WHAT IS REQUIRED: Transcribe the data exactly, pictures excluded.

DATASET CONTENT:
*** Begin section ***
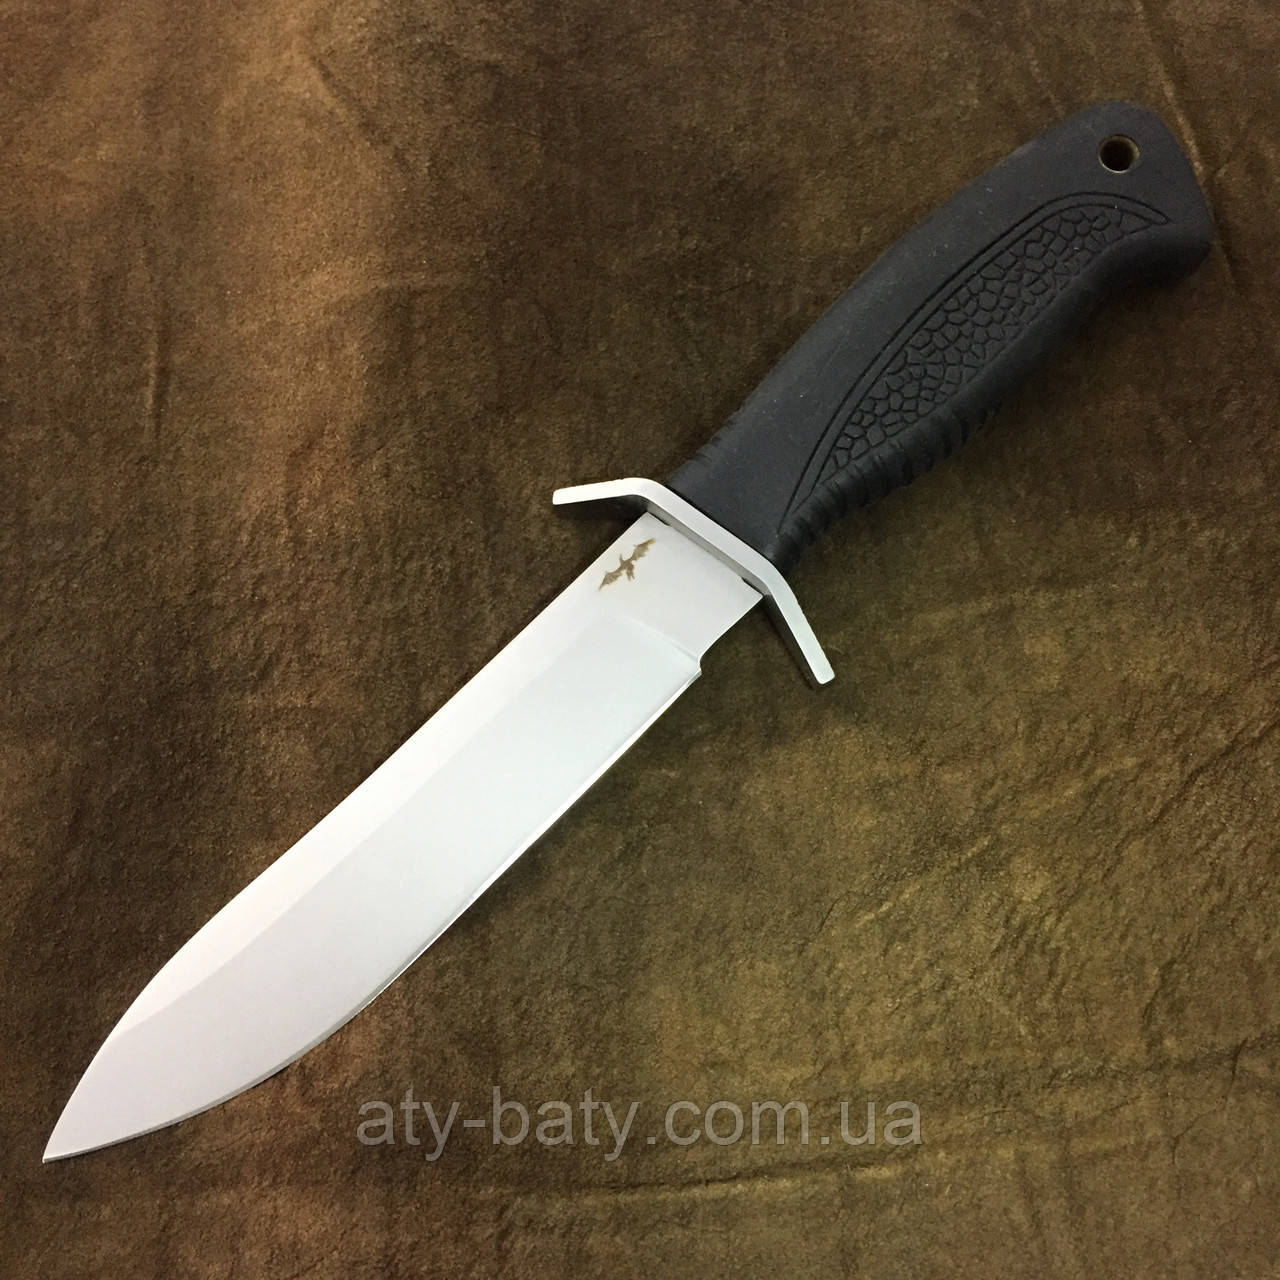 Нож НОКС Партизан (С-12) 621-242813, резина
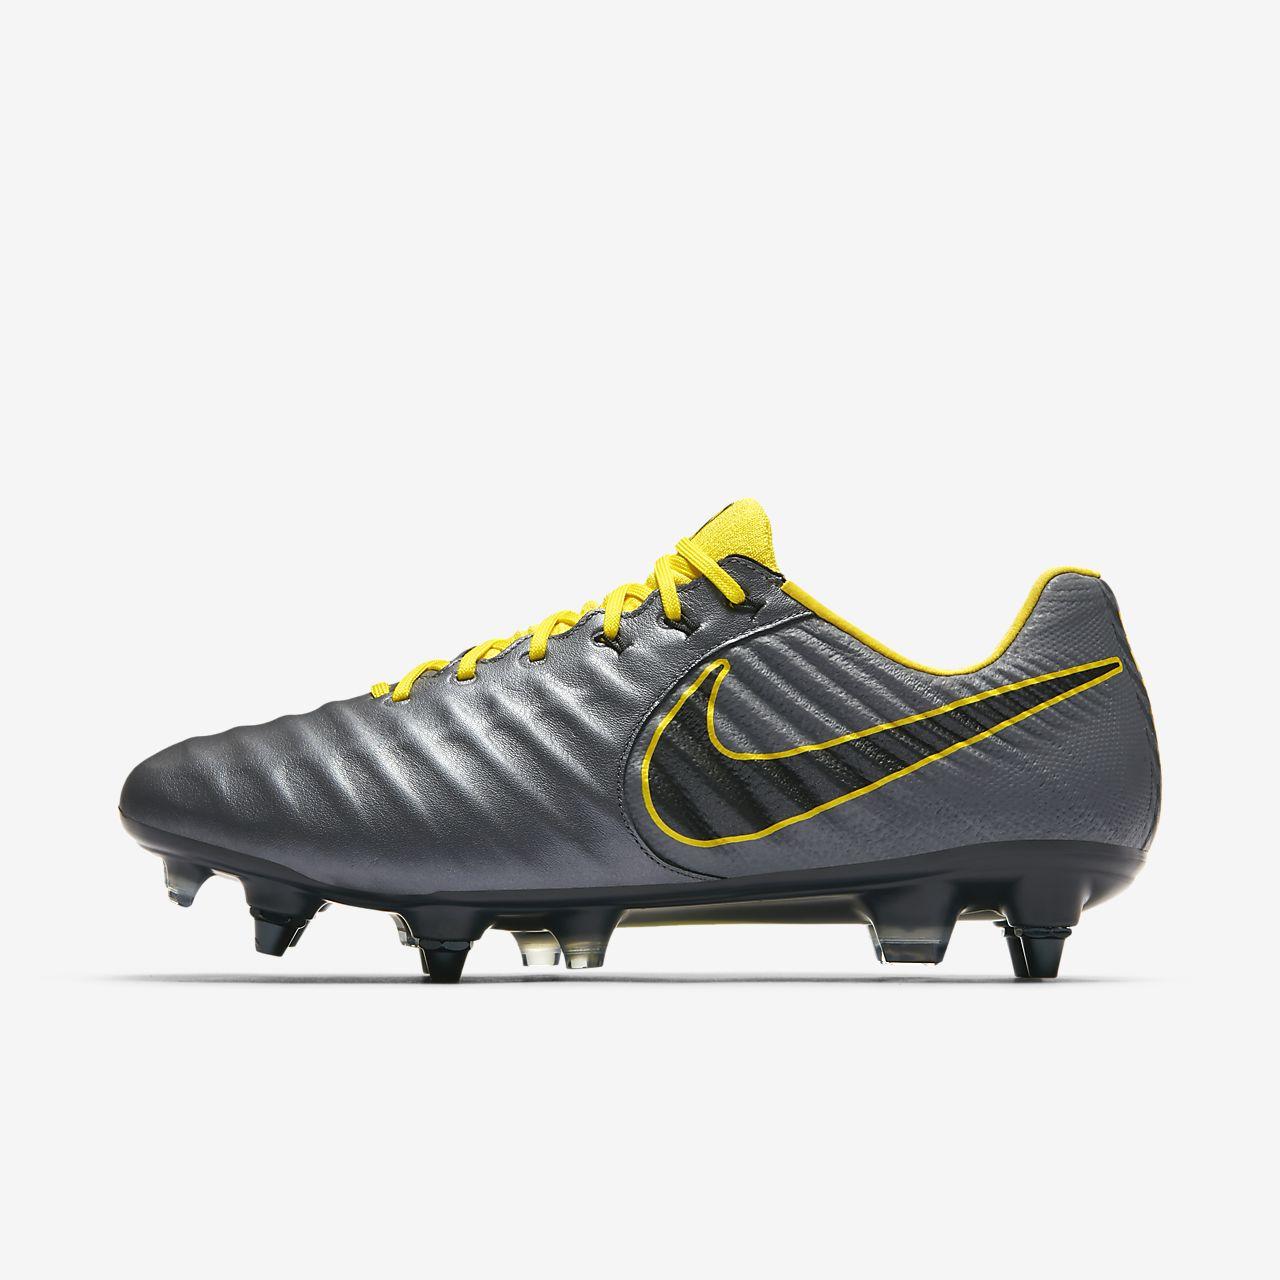 66024e54999a6 ... Calzado de fútbol para terreno blando Nike Tiempo Legend VII Elite SG- Pro Anti-
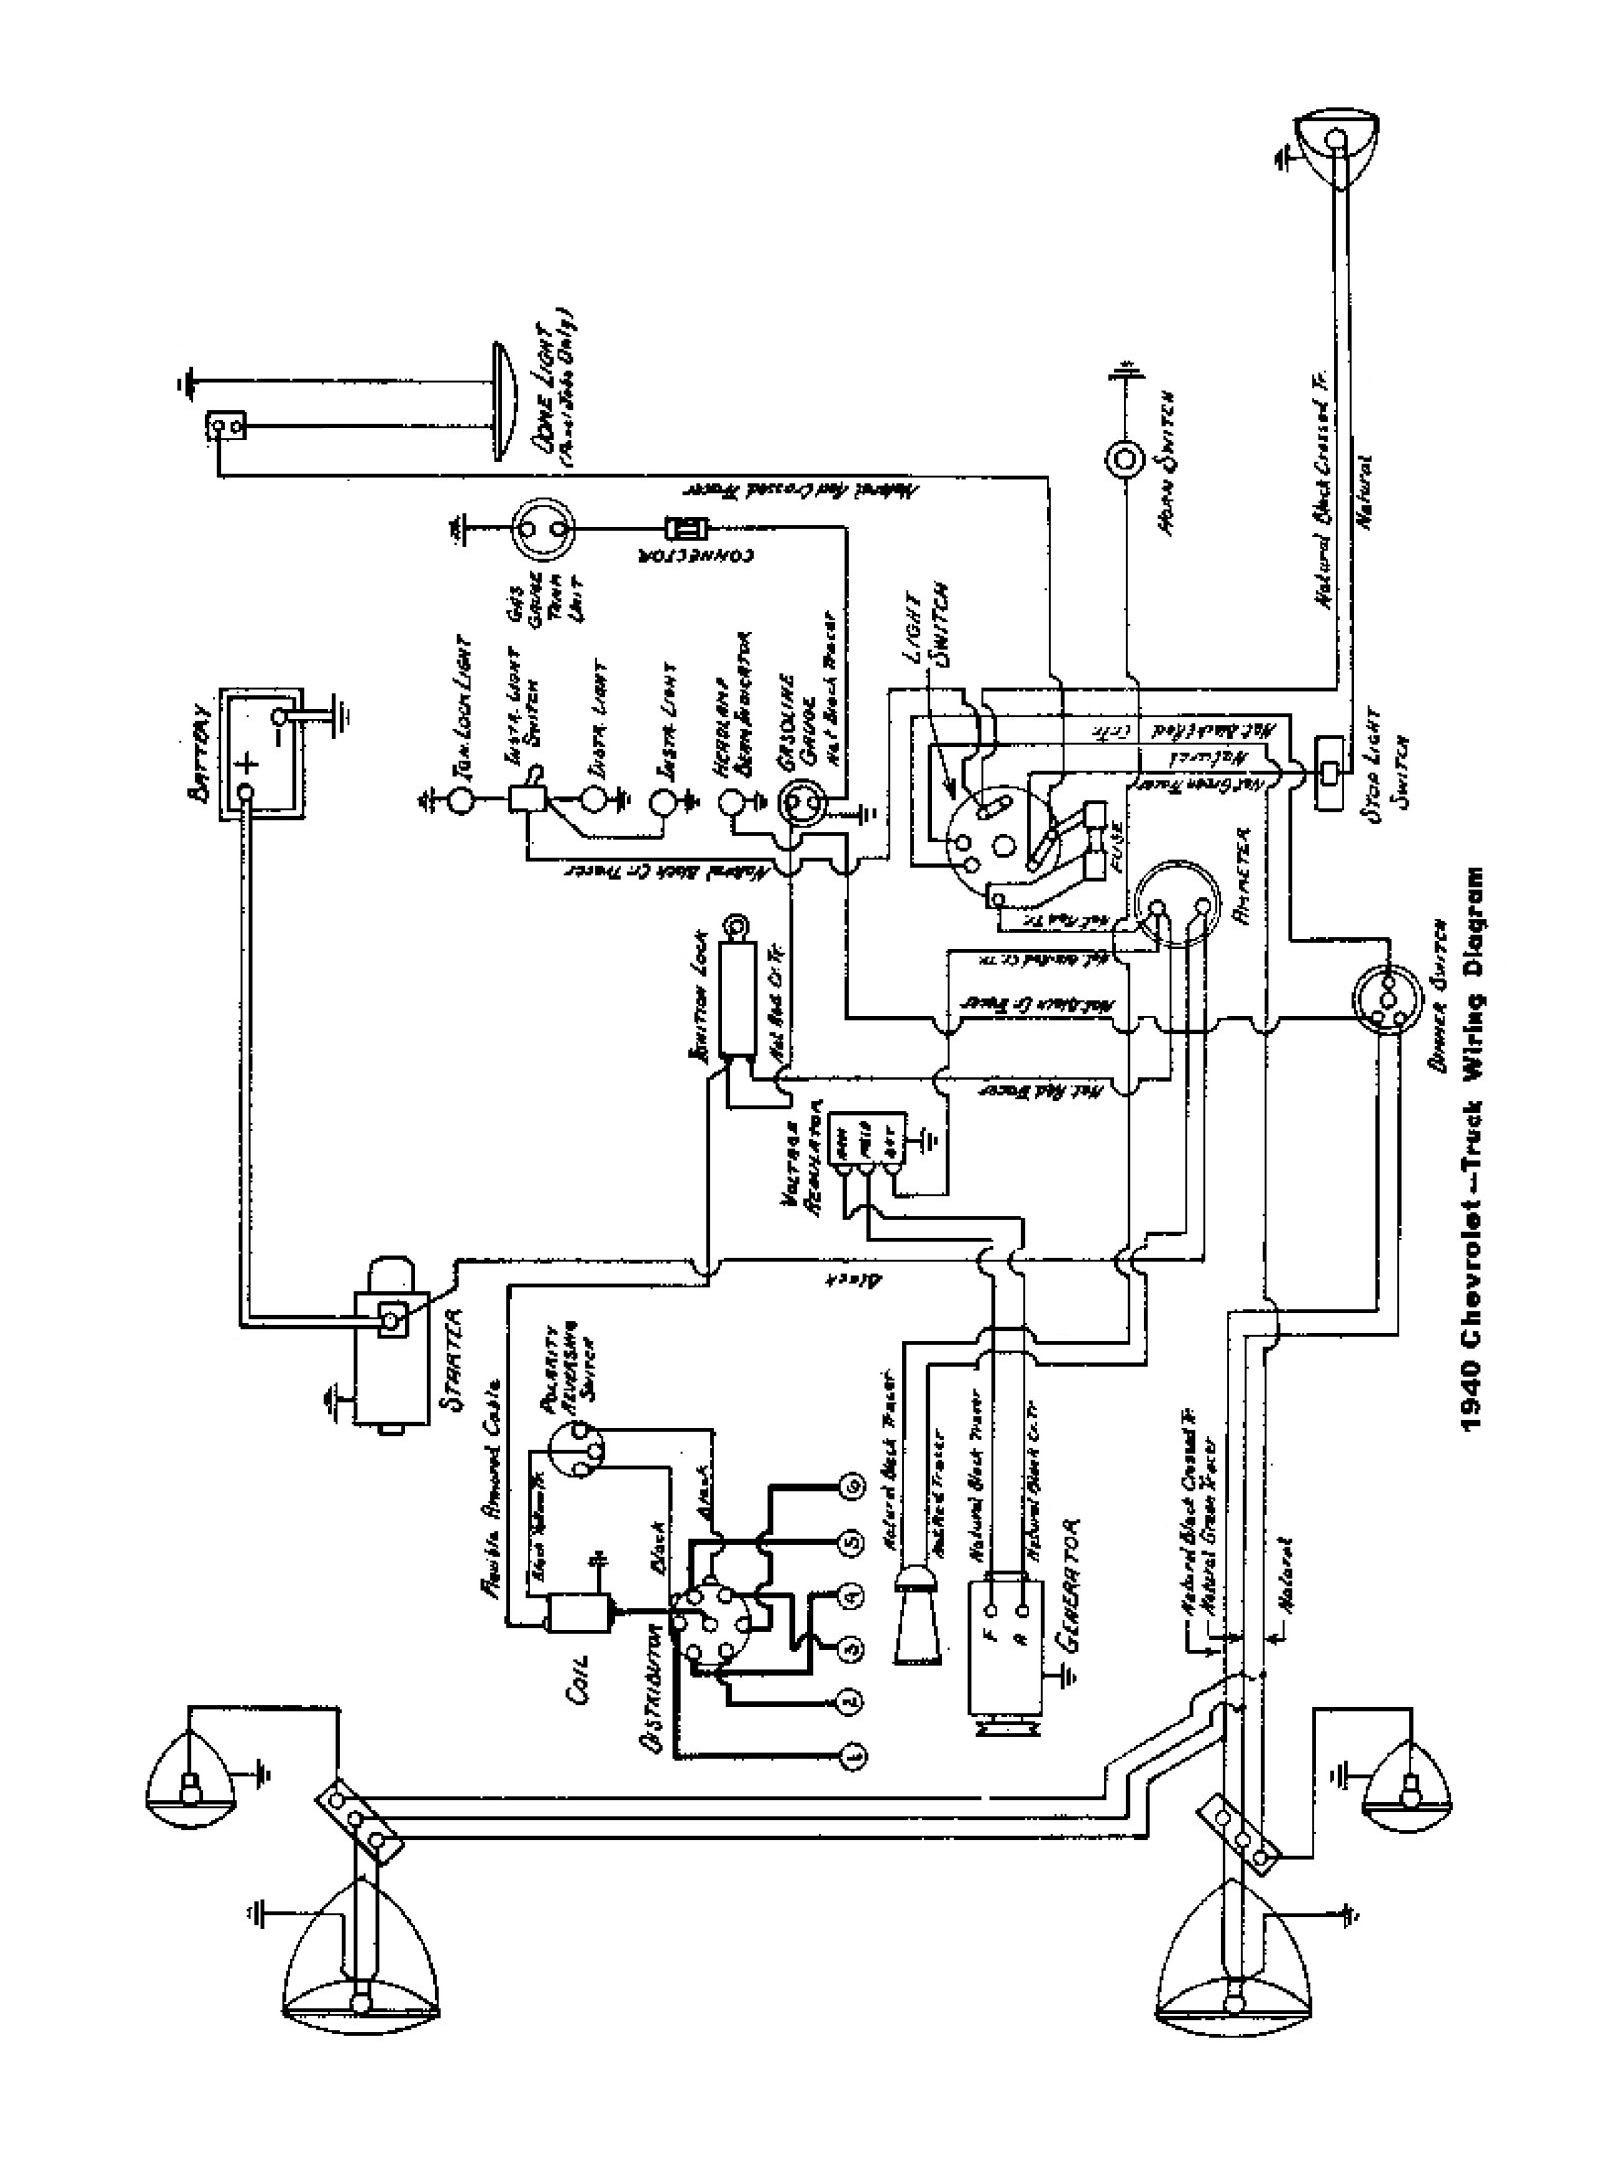 Chevy Silverado Parts Diagram Chevy Wiring Diagrams Of Chevy Silverado Parts Diagram Suburban Parts Diagram Besides Gm Bulkhead Connector Wiring Diagram
*** End section ***
FINISHED TASK:
 Нож НОКС Партизан (С-12) 621-242813, резина
 66024e54999a6 ... Calzado de fútbol para terreno blando Nike Tiempo Legend VII Elite SG- Pro Anti-
 Chevy Silverado Parts Diagram Chevy Wiring Diagrams Of Chevy Silverado Parts Diagram Suburban Parts Diagram Besides Gm Bulkhead Connector Wiring Diagram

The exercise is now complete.